Speed limits in Wales will be cut to a default 20mph in residential areas, as part of the government's plans for new laws over the next 12 months.

Mark Drakeford and his Cabinet plan to bring in five new bills in the first year of the new Senedd term and "transform Wales into stronger, greener and fairer country".

But opposition parties have criticised the government for not including details of a proposed Clean Air Act – one of Labour's manifesto pledges during spring's Senedd election campaign.

Among the plans announced today are new laws covering:

• Post-16 education reform, and the setting up of a new commission to improve the quality of further education and training.

• Agricultural support, replacing EU payment schemes that will no longer be available in Wales. Farmers who take action on the government's climate and nature emergencies will be rewarded and sustainable food production will be encouraged.

• Workers' rights, with a new 'social partnership council' set up to protect fair work principles and oversee responsible public spending.

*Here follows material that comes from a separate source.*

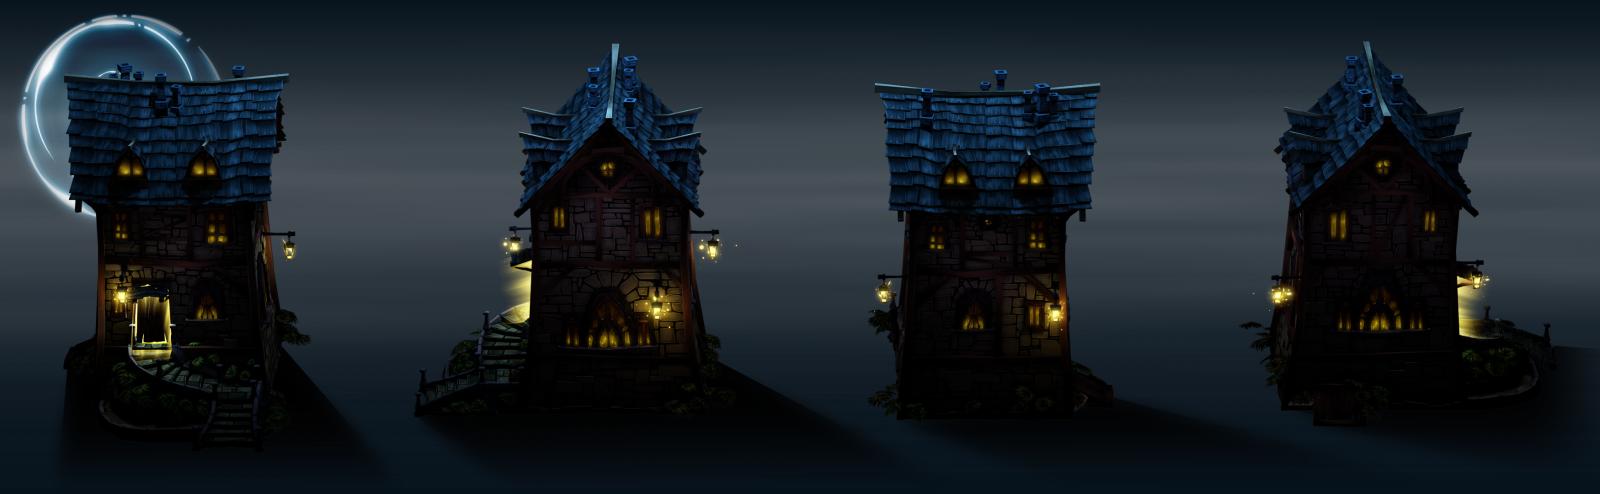 Tristram's House

• Tax-raising powers, making it easier for Welsh ministers to respond to "unexpected events" such as court judgements and tax changes in Westminster.

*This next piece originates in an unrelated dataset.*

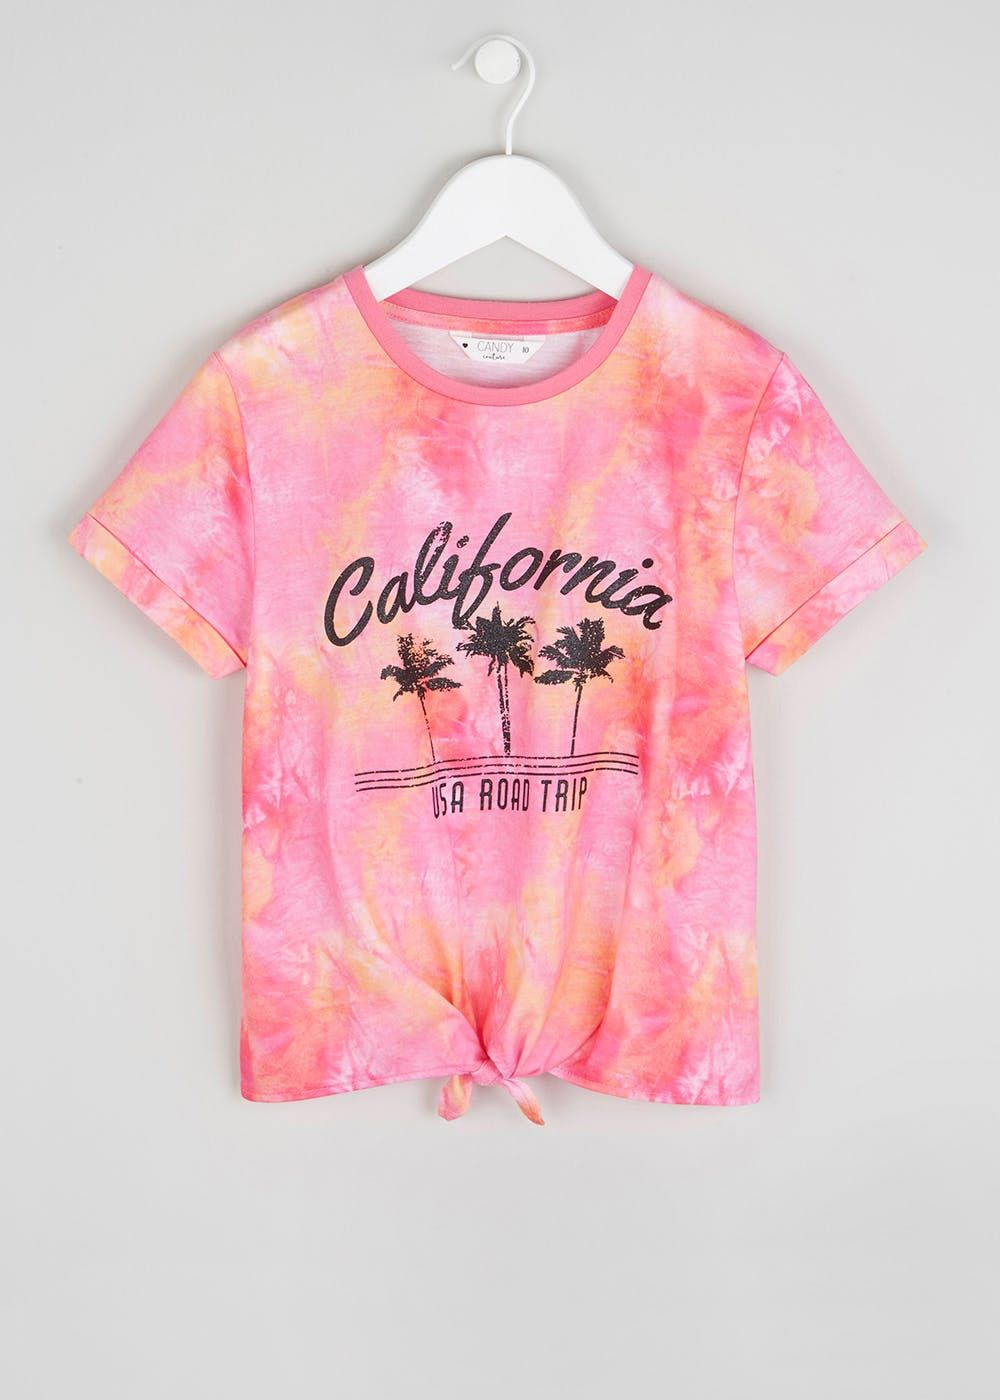 bec857f176 Girls Candy Couture Tie Dye T-Shirt (9-16yrs) – Pink – Matalan

• Accessibility to Welsh laws on the historic environment, bringing together old and "increasingly convoluted" legislation on things like listed buildings into a "single and fully bilingual law which is easy to understand".

As well as those new bills, the government said it will push ahead with plans to introduce new regulations for Wales, including a move to cut speed limits to 20mph in residential areas, and ban pavement parking in most places.

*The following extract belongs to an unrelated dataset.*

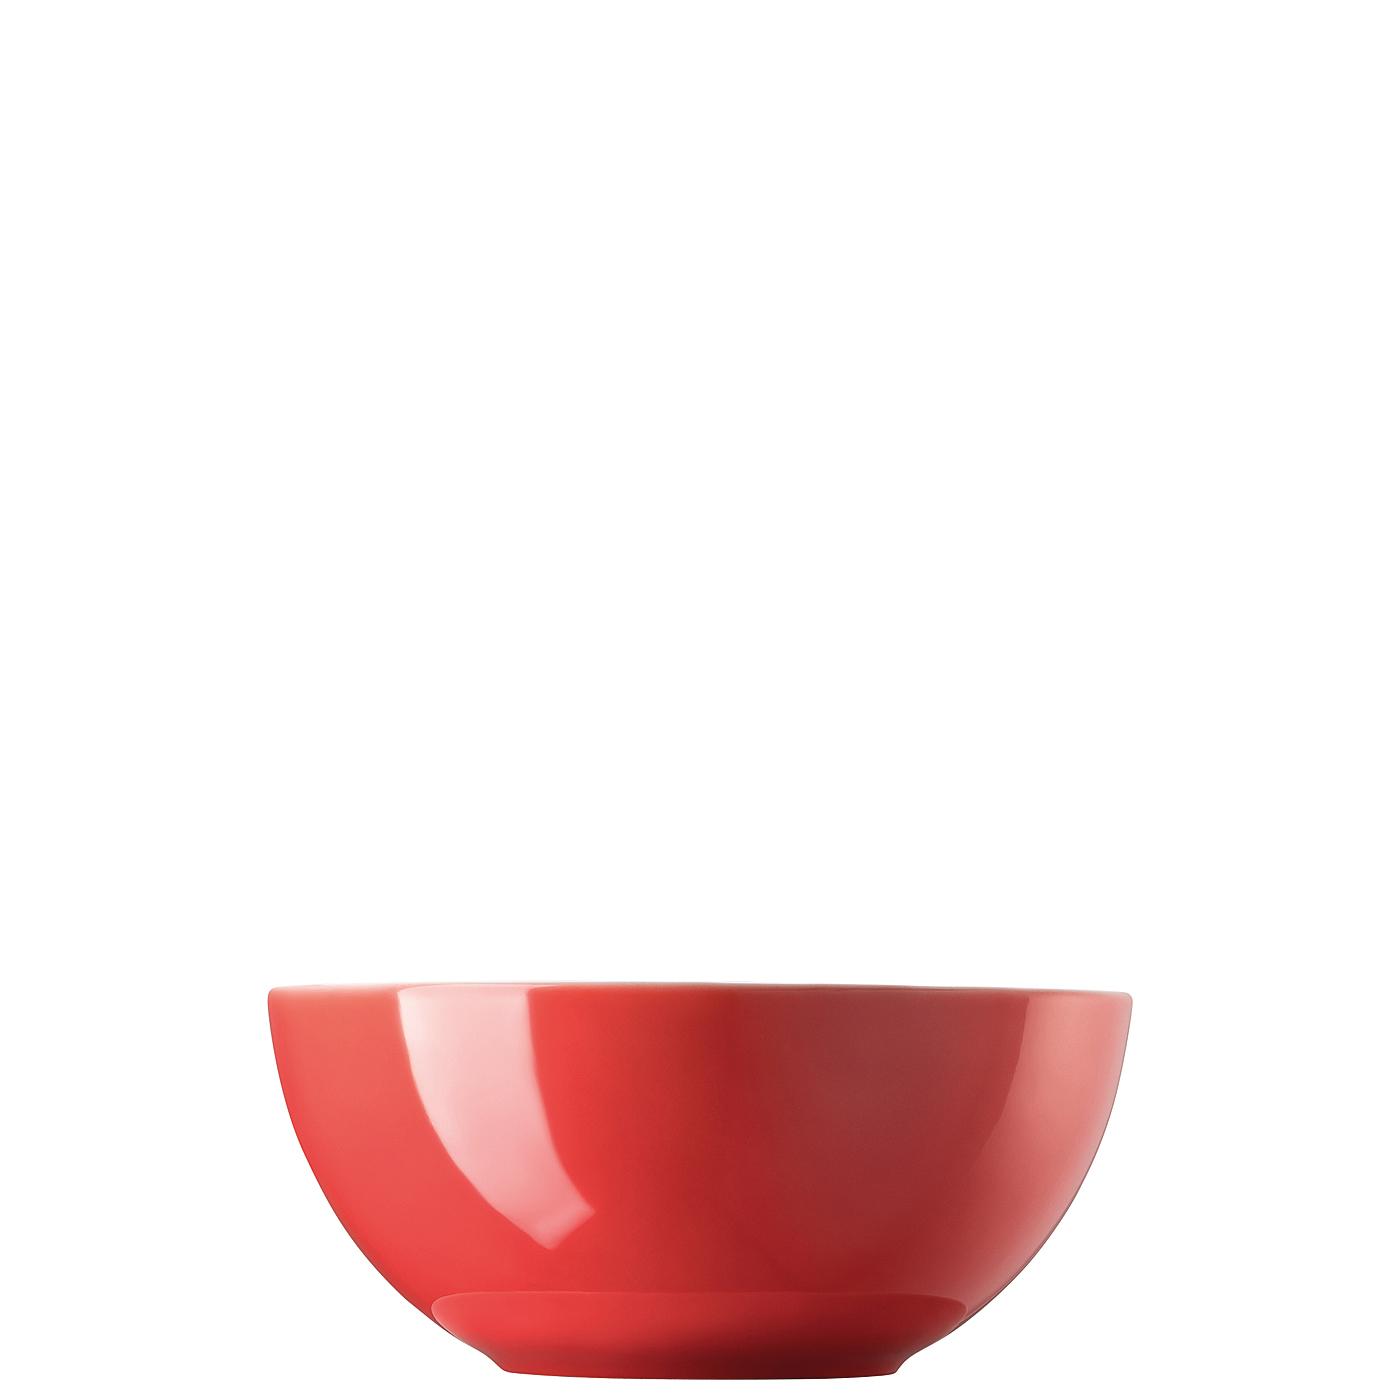 Schüssel 21 cm Sunny Day New Red Thomas Porzellan

New protections will also come into force for people living in private rented accommodation. The laws are designed to improve living standards, make contracts compulsory for all tenants, and prevent landlords making retaliatory evictions.

And new legislation will be introduced to the Senedd on support for students with additional learning needs.

'Ambitious and radical'

The first minister has described the government's new plans as "ambitious" and "only the start of the legislative journey in this Senedd".

Drakeford said the programme" also "sets out our longer term ambitions that require legislation," including banning some single-use plastics, bringing in a Clean Air Act, and improving building safety "to ensure another Grenfell [Tower disaster] never happens.”

In the Senedd, the government's counsel-general, Mick Antoniw, described a "distinctly Welsh programme" that formed an "essential part of our ambitious and radical programme for government".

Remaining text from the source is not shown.